We often use python BeautifulSoup package to parse a html page to get html tags. However, the tag .string attribution often return None. In this tutorial, we will use some examples to how you how to fix this problem.
Parse a html page by BeautifulSoup
Here is an example:
from bs4 import BeautifulSoup html_content = '<html><div><span>Tutorial Example</span> https://www.tutorialexample.com</div></html>' soup = BeautifulSoup(html_content, "html.parser")
Parse a html string and get all div tags
tags = soup.find_all('div')
Output the content of each div tag
for tag in tags: print(tag.string)
We will plan to use .string attribution to output the text in each div tag.
Run this python code, you will get this result: None
Why does .string return None?
As to this example, the .string attribution of each div tag which contains only 0 or one html tag can not return None.
If the html is:
html_content = '<html><div>https://www.tutorialexample.com</div></html>'
There is not any html tag in html div tag, then
for tag in tags: print(tag.string)
The result will be: https://www.tutorialexample.com
Moreover, if the html is:
html_content = '<html><div><span>https://www.tutorialexample.com<span></div></html>'
There are only one html tag span in each div.

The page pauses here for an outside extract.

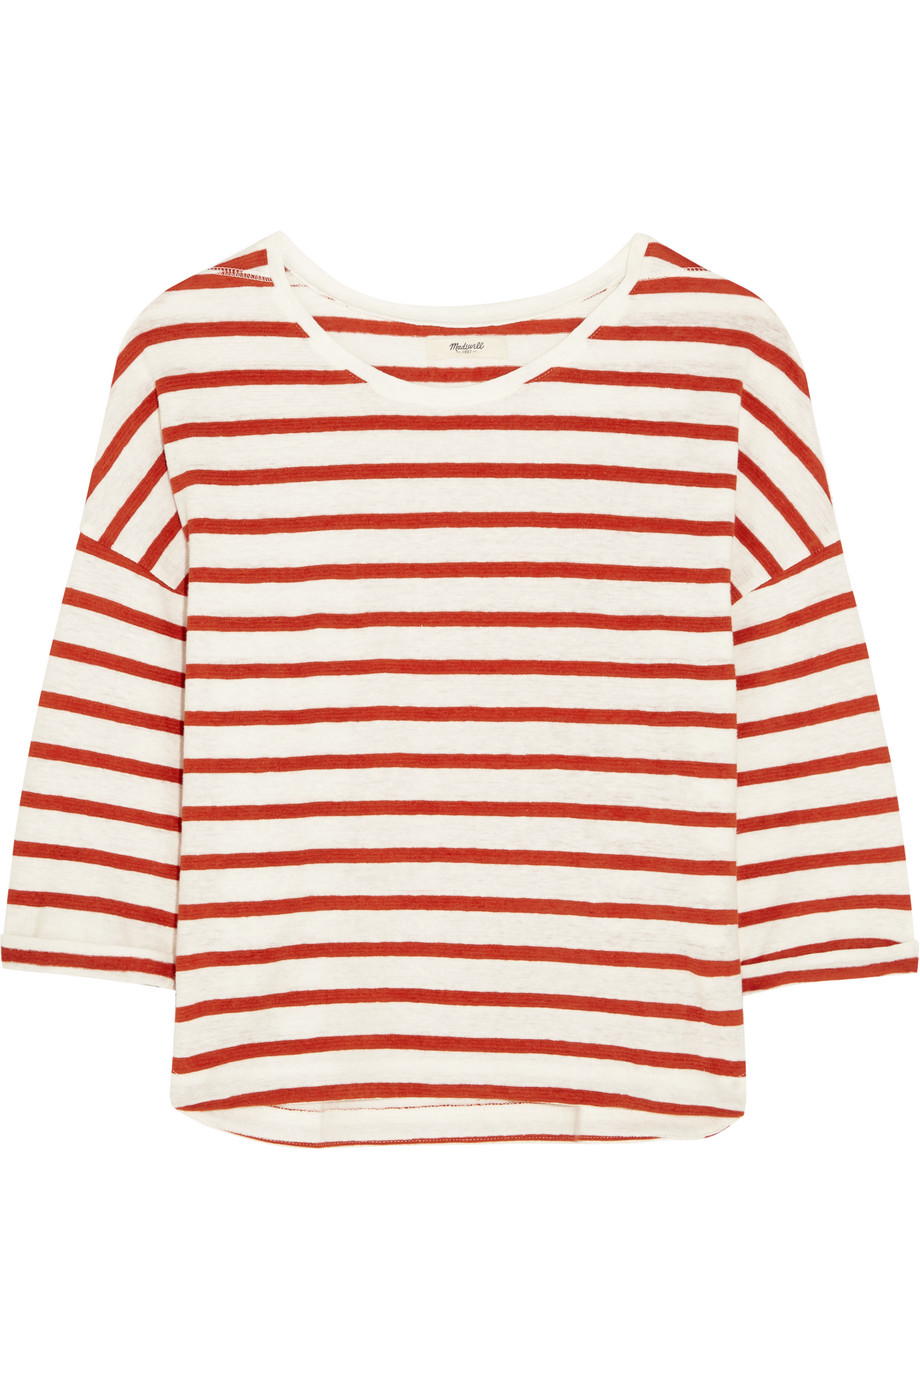 Madewell Lisbon Striped Hemp and Cotton-Blend Top, Cream/Brick, Women's, Size: XS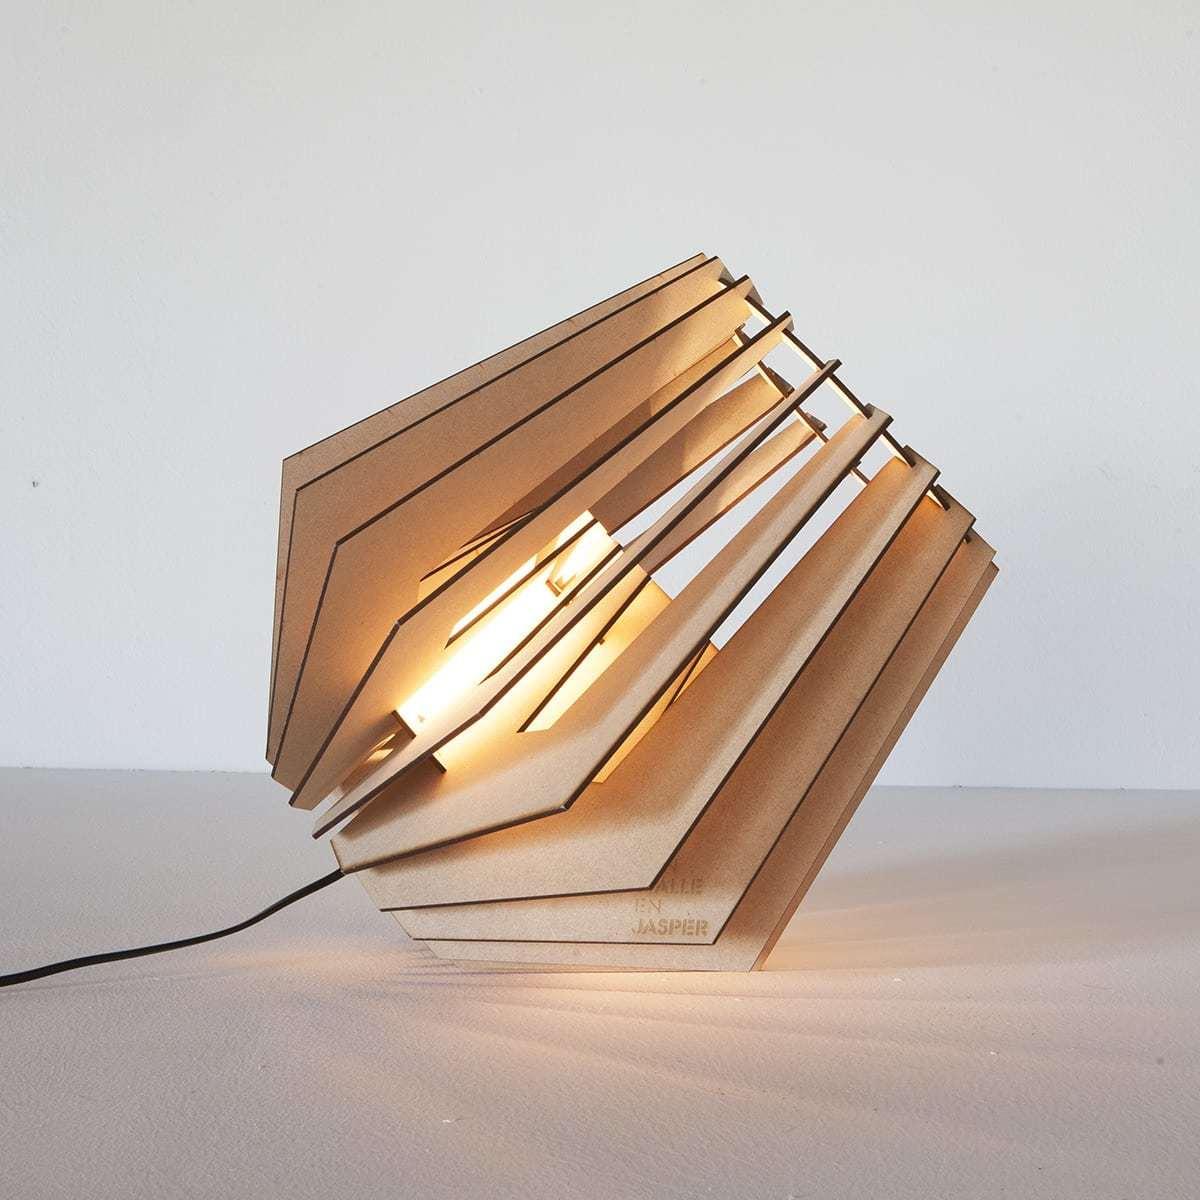 lamps-diy

The result is also be: https://www.tutorialexample.com
As to this html:
html_content = '<html><div><span>Tutorial Example</span> <span>https://www.tutorialexample.com<span></div></html>'
There are two span tags in div tag, the .string of each div tag is None.
How to get the text in div tag if .string is None?
We can use .text attribution. Here is an example:
for tag in tags: print(tag.text)
The text in html div tag is:
Tutorial Example https://www.tutorialexample.com